独立行政法人中小企業基盤整備機構(中小機構)とは、独立行政法人中小企業基盤整備機構法(平成14年法律第147号)に基づき2004年7月に中小企業総合事業団などを統合して設立された独立行政法人であり、経済産業大臣の監督のもとで中小企業の創業・経営・事業再生の支援や、都道府県と連携した高度化事業への融資などを担う。

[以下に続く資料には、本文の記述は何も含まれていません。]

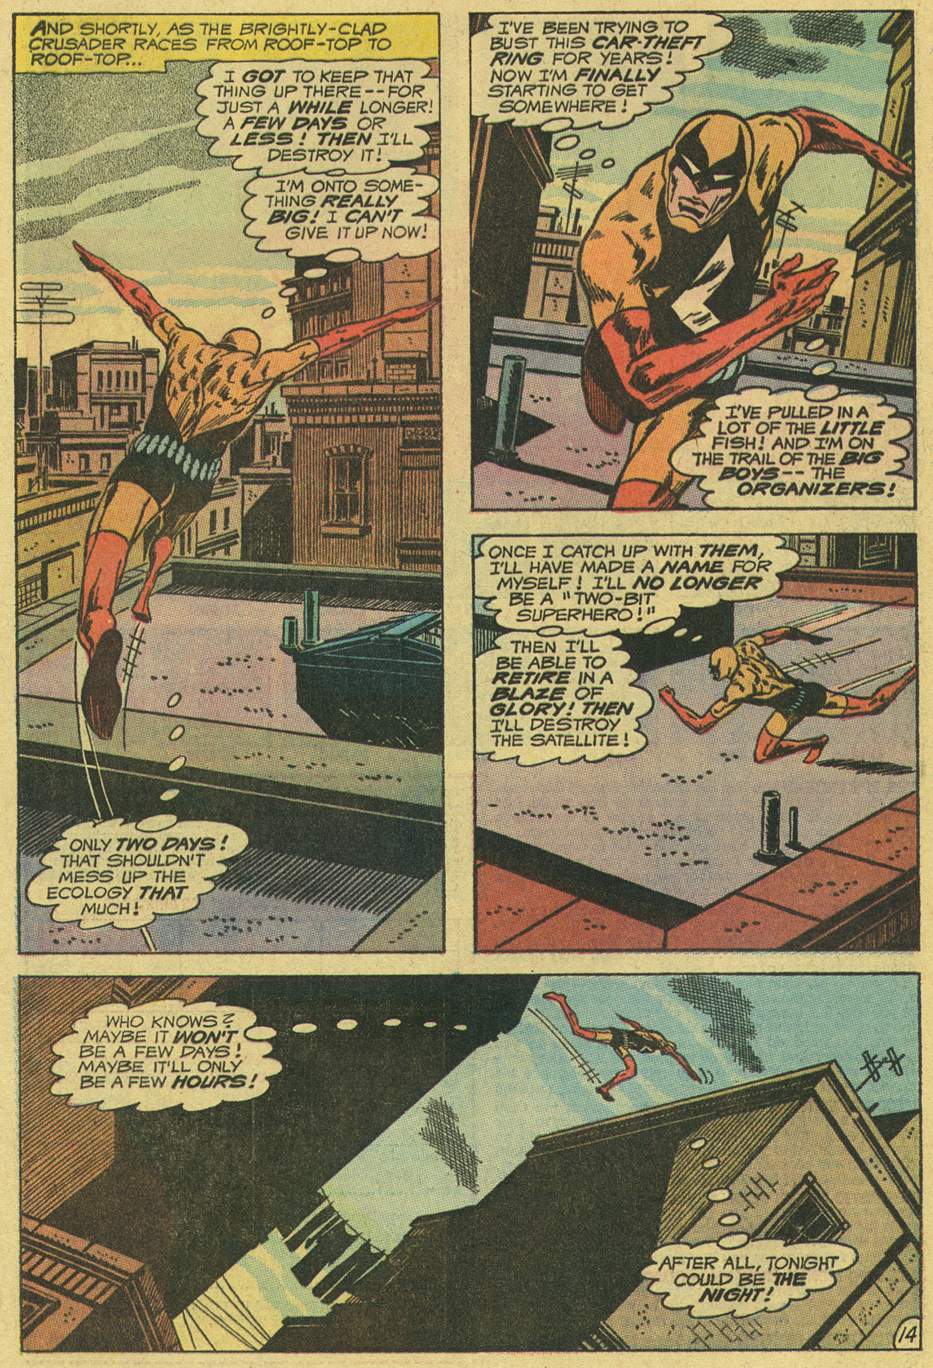 Aquaman #56 (1971) by Steve Skeates, Jim Aparo, and Dick Giordano

中小企業の集団化や施設の共同化を支える高度化事業の融資や、創業・経営の相談で、自治体とりわけ都道府県が窓口として連携する国の中核機関が中小機構である。中小企業総合事業団などを統合して2004年7月に発足した独立行政法人で、経済産業大臣の監督のもと、創業支援、経営相談、販路開拓、事業再生、共済制度の運営など中小企業政策の実施を幅広く担う。とりわけ高度化事業では、組合などが工場団地や卸団地を整備する資金を、都道府県を経由して長期・低利で貸し付ける仕組みをとり、都道府県が診断と貸付の窓口になる。小規模企業共済や中小企業倒産防止共済(経営セーフティ共済)といった共済制度を運営し、地域の商工団体とともに加入を支える。中小企業大学校を各地に置き、自治体や支援機関の職員向けの研修も提供する。中小企業の伴走支援を担う県の産業支援財団や商工会議所とも連携し、地域の支援ネットワークの結節点となる。
都道府県を経由する高度化事業の融資
中小機構の業務のうち自治体と最も直接に結びつくのが高度化事業である。これは、中小企業者が組合などを組んで工場団地や卸団地、商店街アーケードなどを共同で整備する際に、その資金を長期・低利で貸し付ける制度で、中小機構が都道府県と一体になって実施する。具体的には、都道府県が事業計画の診断と助言を行い、中小機構の資金と都道府県の資金を合わせて貸し付ける仕組みをとるため、申請を受け付け審査するのは都道府県の中小企業担当部局になる。自治体にとっては、地域の事業者の集団化や基盤整備を支える金融手段として、中小機構の制度設計に沿って事務を進めることになる。
共済制度の運営と地域の支援ネットワーク
中小機構は、小規模企業の経営者が廃業や退職に備えて積み立てる小規模企業共済と、取引先の倒産による連鎖倒産を防ぐ中小企業倒産防止共済(経営セーフティ共済)を運営する。これらの共済は、商工会・商工会議所や金融機関を窓口として加入が進められ、地域の経営基盤を下支えする。あわせて中小機構は、各地に中小企業大学校を設けて経営者や支援機関の職員を育成し、都道府県の産業支援財団(よろず支援拠点を含む)や商工団体と連携して中小企業の伴走支援を行う。自治体の産業振興部局からは、地域の事業者を支える支援メニューの提供元として、また職員研修の場として関わりがある。